Coming into the 2022 MotoGP season, Ducati made a series of significant last-minute revisions to the spec of its Desmosedici – revisions that contributed to a rocky start to Pecco Bagnaia’s championship charge.
But with the damage from that rocky start – in which Bagnaia finished no better than fifth in the first five races – mitigated and a world title in hand, it seems that the lessons of that difficult development period are being taken on board.
That means a new approach to the way in which Ducati is preparing for the coming 2023 season and a bike that’s going to feature little in the way of radical change.
This time last year, the impression was that the GP22 was an evolution of the previous bike – but we know now that wasn’t quite the case, thanks in part to a two-year development ban imposed by the COVID-19 pandemic.
With manufacturers unable to change engine specs from the one locked in for 2020 until the start of last season, the characteristic of the final design selected for 2022 wasn’t quite the right one – forcing a last-minute spec change for Bagnaia and factory team-mate Jack Miller, who went back onto an older spec. But the two Pramac riders and VR46’s Luca Marini had to keep the new one.
The end result might have been successful, but it also ate into Ducati’s limited testing time and forced Bagnaia to start the season on the back foot, something that prompted an apology from the team after he aired his grievances with how Ducati had put together its testing programme.
“In the past, it wasn’t like this,” Bagnaia explained after crashing out of the season opener in Qatar, where he scored zero points after falling and wiping out fellow Ducati rider Jorge Martin. “You had satellite teams, independent teams, who worked more on these things.
“I am not a tester. I am here to win. I am here to concentrate on riding in the best way possible, and looking at the testing we only had five days of it and we should use them to test, not the race weekend.
“The setting was not OK for the track, the electronics weren’t OK. We weren’t ready.”
Speaking exclusively to The Race after the Qatar race, won by Bagnaia’s new 2023 team-mate Enea Bastianini on an older 2021-spec bike, factory Ducati team manager Davide Tardozzi acknowledged “it was our fault, not Pecco’s”.
And, it seems that a lesson has been learned, even though Tardozzi told MotoGP.com after the conclusion of the 2022 season that Ducati was wary of rivals “making a huge step”.
“We think we have a competitive bike, we don’t to make a revolution, we want to just make a slight evolution,” he conceded.
“It’s always difficult to improve a very competitive bike,” said Ducati sporting director Paolo Ciabatti. “The current 22-21 Desmosedici was a really competitive bike.”

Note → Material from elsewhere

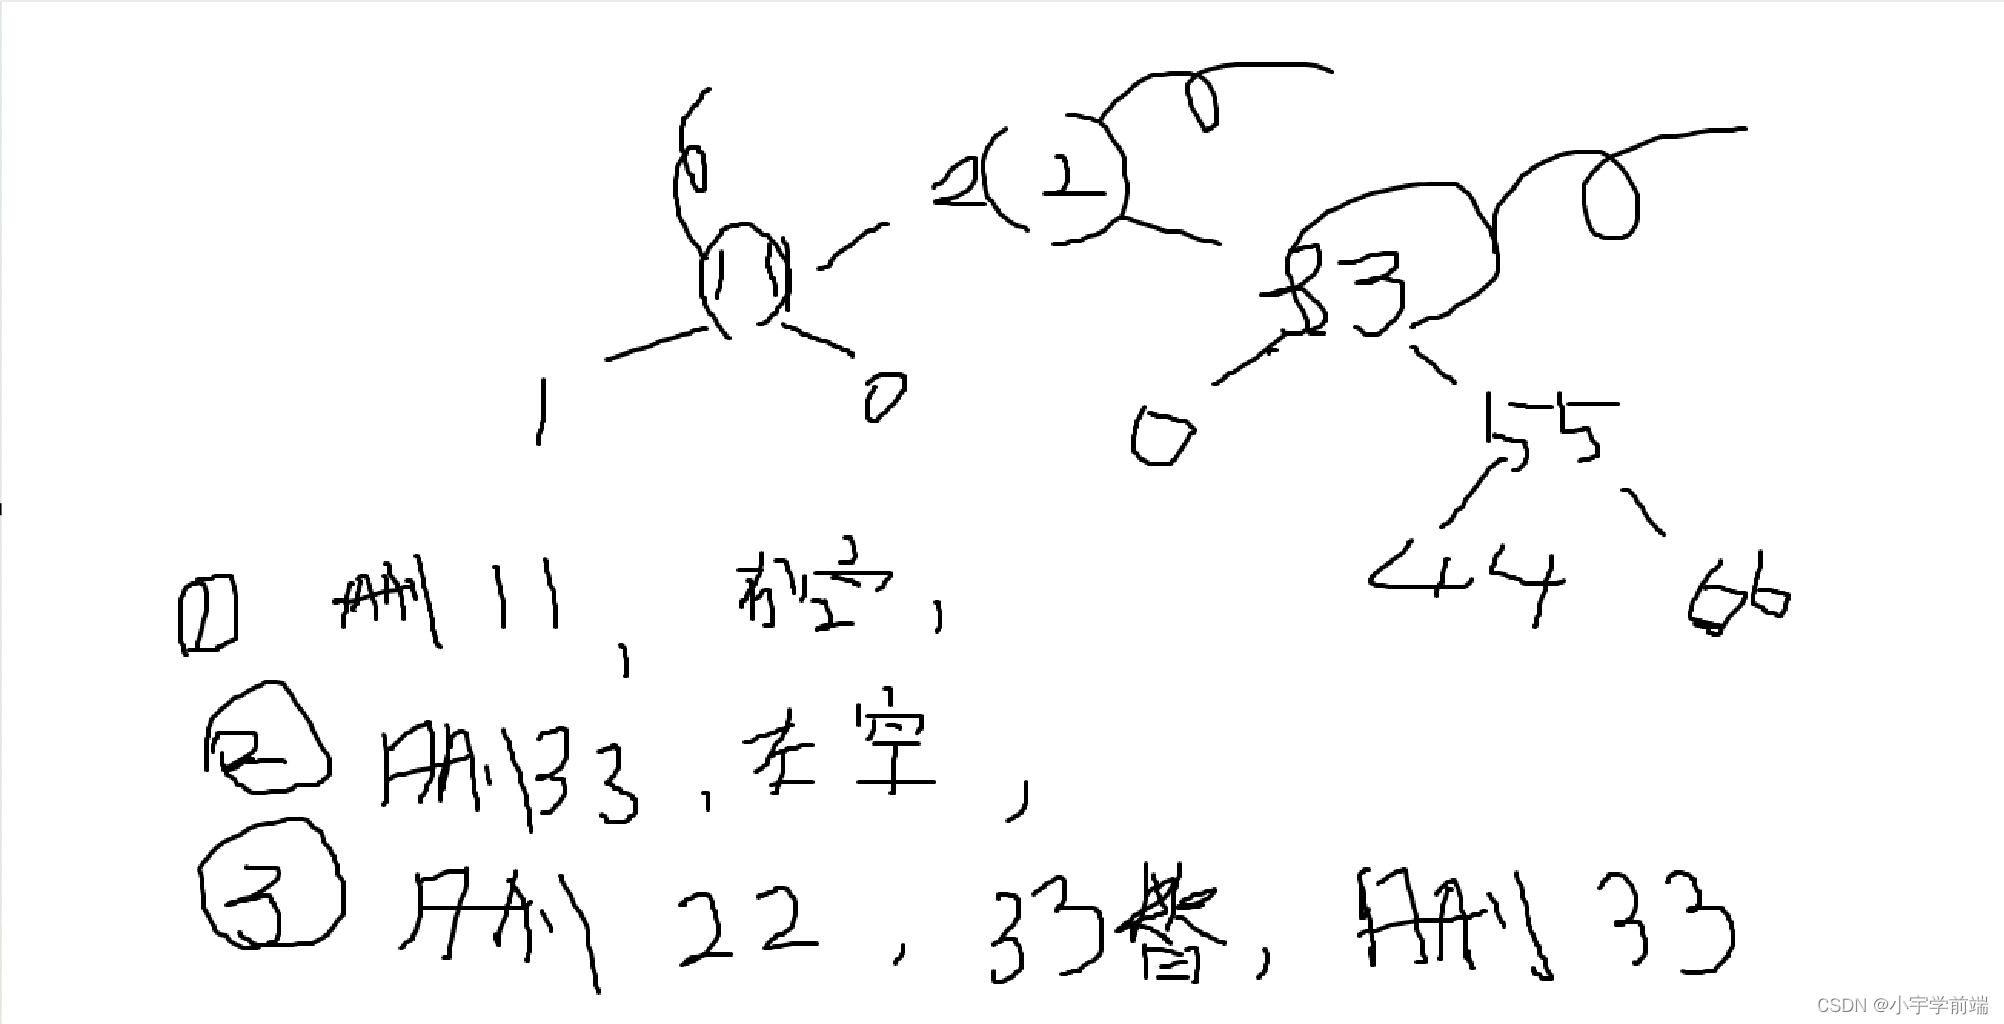 C : DS二叉排序树之删除

And though Ducati chiefs did also talk about various areas of improvement, namely aerodynamics and turning, it appears 2023’s machine, once its spec is more or less set in stone, will indeed stand as a true evolution of Ducati’s first title-winner in 15 years.
This was the suggestion from Bagnaia as he pulled the covers off it at the team’s launch event in Italy – and very much in line with his wishes as he attempts to get his title defence off to a much better start than his winning season.
“My confidence with Gigi [Dall’Igna, tech chief], my trust in all the engineers, is 100%. If they decide to do something, then I’ll go for it,” he said.
“But last year, sincerely, was a bit tough, because we were riding with a bike that was incredible, the 2021 bike was incredible – Enea knows very well about this – and when I started the test with the new bike I was a bit lost.
“Things that I was doing better the year before were impossible to replicate. I asked them in Qatar to stop a bit, to return as much as possible to the old bike, and in that moment we started to work so much better.
“It was different, because it was two years with the same bike, so all the ideas of those two years were on that bike, and I think it [the GP22] needed more time to develop because it was a big, big step.
“This year is not a revolution, just a little evolution of last year’s bike, and I’m confident that the first approach in Valencia was good, was competitive already.”